Dr Dan Farhat studies vampires. It's unusual research for an economist, but advances in computing and social simulation make it possible.
“Most of my work involves building synthetic economies. We can use computers to construct entire populations of artificial individuals. Each person makes decisions about resource use and interacts with others according to rules I set for them. Economies that we can study start to develop.”
The idea is to understand economic activity by creating it, a technique that combines ideas from economics, information science, biology, organisational studies, and many of the social sciences.
Dan has used this approach to study fluctuations in consumer spending, trends in unemployment, how educational achievement affects earnings, how scientists produce research, and now how a community of humans plagued by vampires would fare.
“How do people use their resources to combat vampires? How do vampires choose the best victims? What are the social consequences of these choices? Those are all economics questions.
“A lot of students think economics is just crunching numbers and solving equations to find prices and quantities. But it's really all about human behaviour and decisions. There'll be some maths and stats, but at the end of the day we want to understand people.”
Using computers is vital. “Otherwise I'd have to collect data from real vampires, and that's super dangerous. You know what they're like. It wouldn't be easy to hire research assistants for that — or ensure they'd make it back with the data.”

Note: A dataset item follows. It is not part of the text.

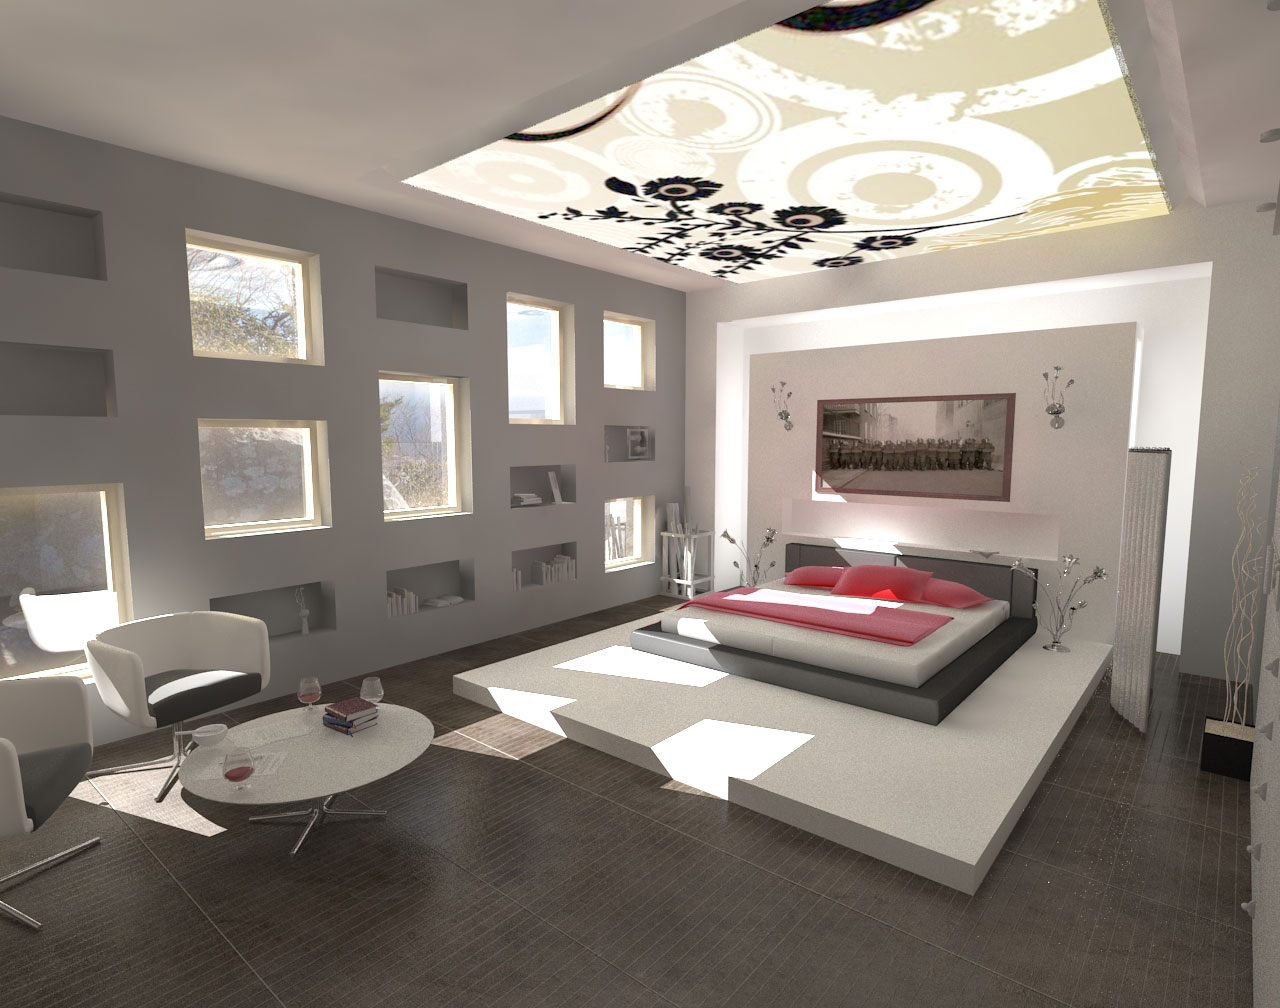 Decorations Minimalist Design  Modern Bedroom Interior Design Ideas

But are vampires real? ”Sure they are, they just don't drink blood like in the movies. A 'vampire' is anyone who preys on others for their own benefit — criminals, corrupt governments, abusive employers….”
Dan's vampires help make economics enjoyable. “It's good to emphasise the broad range of topics economics relates to. There's something for everyone. You can't afford to be ordinary anymore. That's the great thing about working and studying at Otago – everyone is encouraged to stand out and be innovative.”